C'est pourquoi un grand nombre de politiciens gaullistes influents, comme les anciens premiers ministres Edouard Balladur et Alain Juppé ont volé au secours de Chirac afin de sauver ce qui pouvait encore l'être. Une partie de l'UDF (Union pour la démocratie française) a même décidé de soutenir Chirac dès le premier tour et non son propre candidat, François Bayrou. Philippe Séguin, qui s'était distancé de Chirac il y a deux ans, vient de rejoindre le parti. Il a toutefois lancé l'avertissement que le RPR s'exposait à être réduit à un parti purement présidentiel s'il laissait trop le thème de la "République" aux autres et risquait ainsi de ne plus assumer les intérêts de l'économie.
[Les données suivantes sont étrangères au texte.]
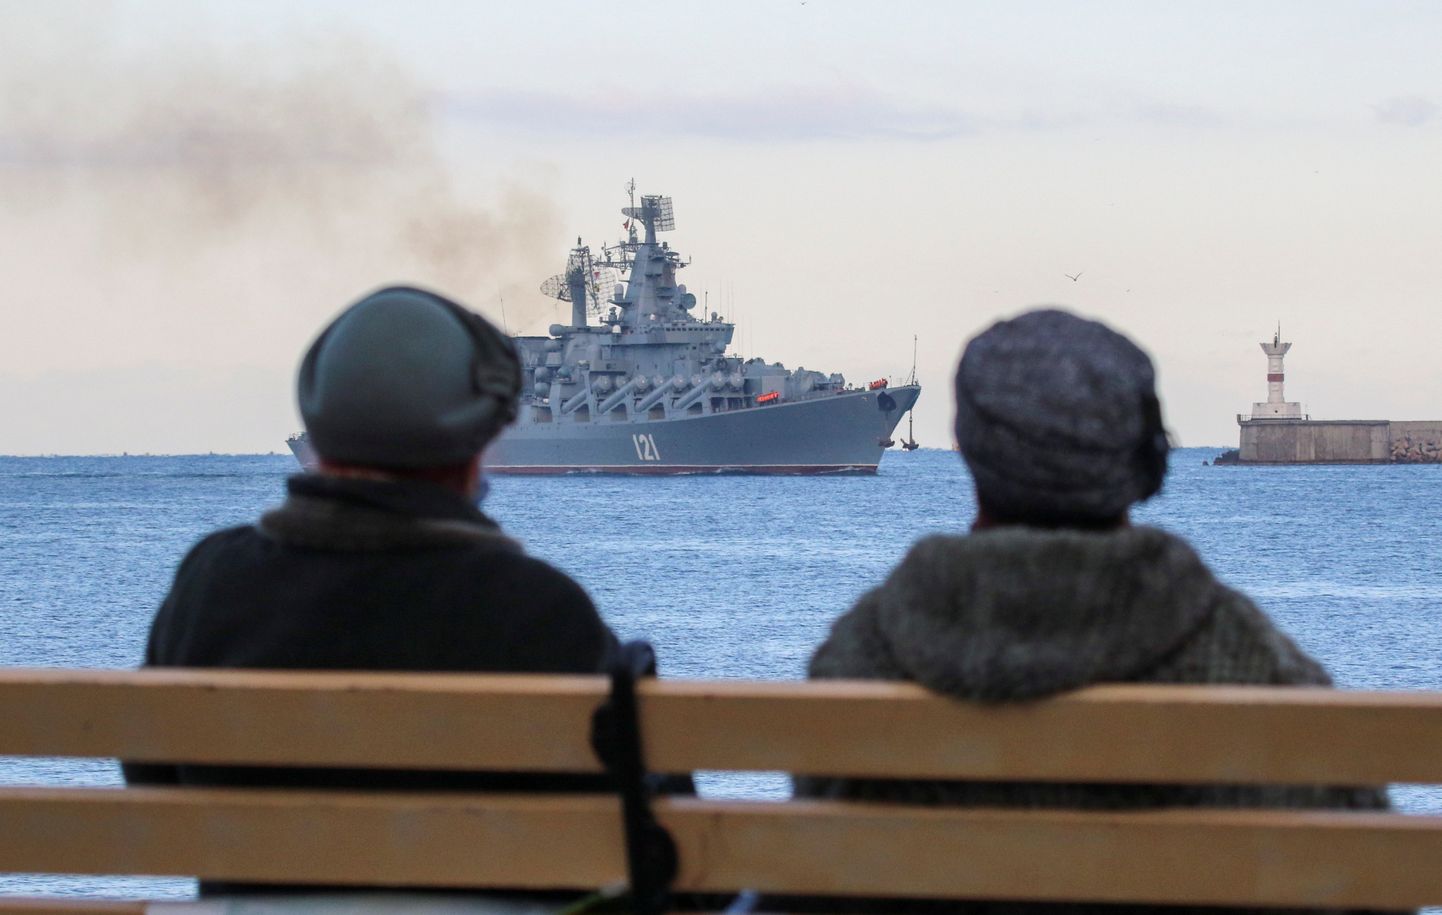 Venemaa on peaaegu kaotanud kontrolli Musta mere üle. Ukrainal õnnestus ilma laevastikuta saavutada võit meresõjas, kuna nad ei saanud laevastiku puudumisel sõdida klassikaliselt ning pidid otsima uusi lahendusi. Pildil seilab sõjalaev Moskva Sevastopolisse peale NATO sõjalaeva jälgimist 16. novembril 2021.

C'est dans cet état de fait que Chevènement, qui se veut "ni à droite ni à gauche", est apparu comme "l'homme de la nation". Il représente parmi les forces de la bourgeoisie et de la classe moyenne française celles qui manifestent un certain scepticisme aussi bien vis-à-vis de l'intégration européenne que de l'alliance avec les Etats-Unis. Ce scepticisme avait été renforcé par le comportement des gouvernements européens après le 11 septembre, quand ils s'étaient tous hâtés de rejoindre les Etats-Unis pour défiler devant Bush et lui apporter leur soutien. Conformément à la tradition de la bourgeoisie française, Chevènement se réfère à la "République". Ce faisant, il profite de la faveur du moment pour conférer à son nationalisme une apparence progressiste en s'adaptant au mouvement anti-mondialisation.